Anyway, this bottle was gone in a blink of an eye. Must get myself two or three more!
A growing obsession with these perfect little bottles, packed to the brim with zingy, zesty manzanilla (pasada) and emblazoned with beautiful creatures of fur and feather.
This was the pioneer in the en rama stakes, and in the seasonal saca stakes – they started these in 1999 (my little collection representa only four and a half of the nineteen years of sacas). More importantly it is one of the very top manzanillas around: full of character, ageworthy and subtly different as each season comes along.
Looking forward to the 20th anniversary celebrations next year (hint)!
Had lunch at Surtopia yesterday. It was fantastic as always, a superb carpaccio de tarantelo in particular. But the wines I had just blew me away, starting with this absolutely superb manzanilla pasada.

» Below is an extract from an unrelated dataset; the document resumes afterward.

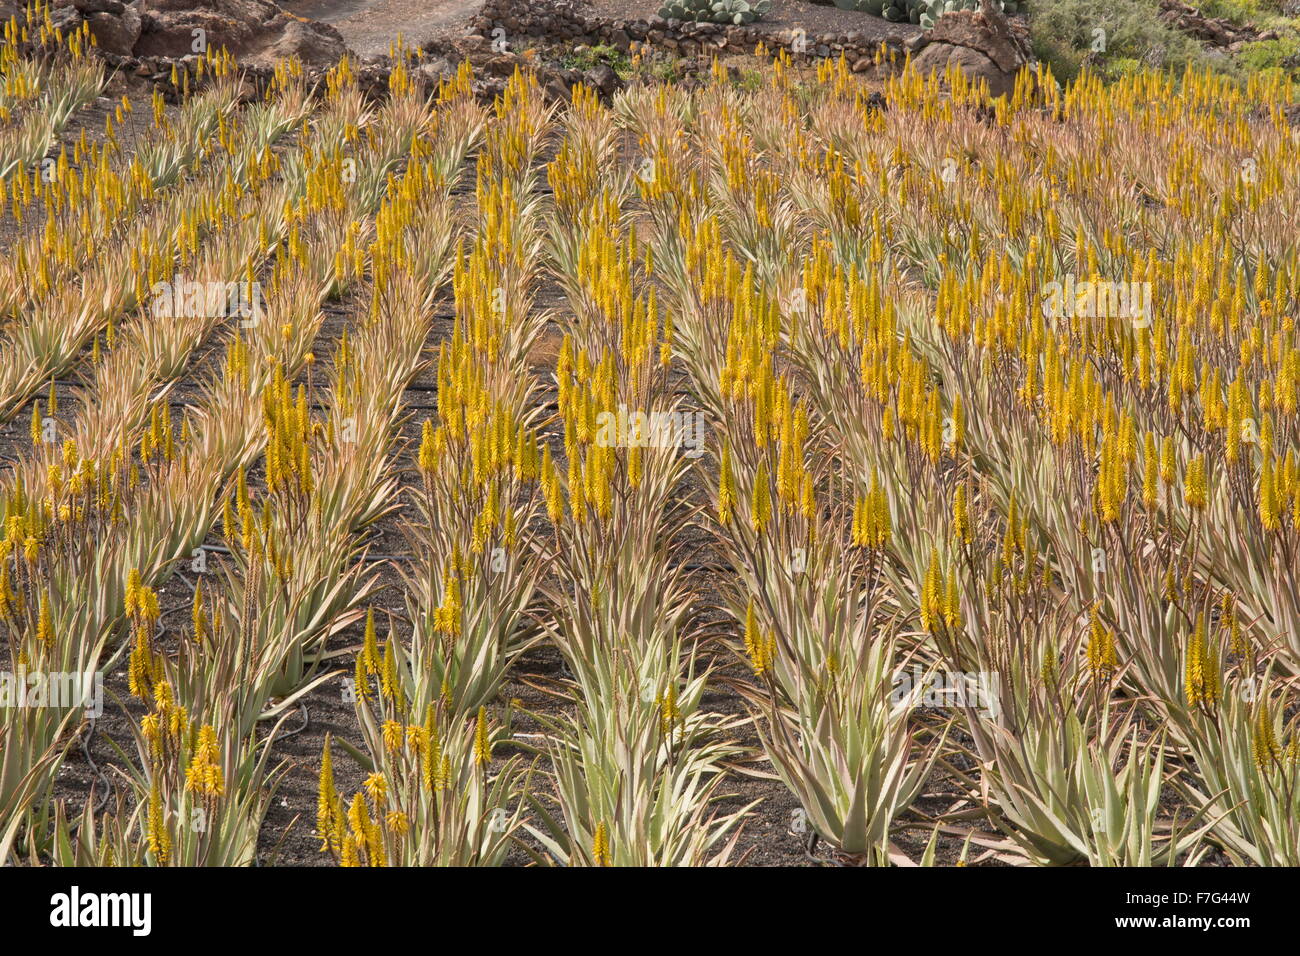 True Aloe, Aloe vera or Aloe barbadensis, in cultivation on cinder at farm near Orzola, Lanzarote. Stock Photo

No apple or chamomile here, pure savoury power from start to finish. Beautiful colour – they are quite right to sell this in a clear glass bottle – an intense, dark gold. Then it has a nose of salty spices and vegetables that every time I put nose to glass reminds me of a Bombay Aloo. But the sensations really start when you straighten the elbow: a really intense palate with a zingy start, intense spice, a kind of stewed richness, clove like and bitterness and really intense zing, heat on the tongue at the finish.
If you are looking for something fruity look elsewhere, but this is a pure thoroughbred manzanilla pasada and a glorious wine on any measure.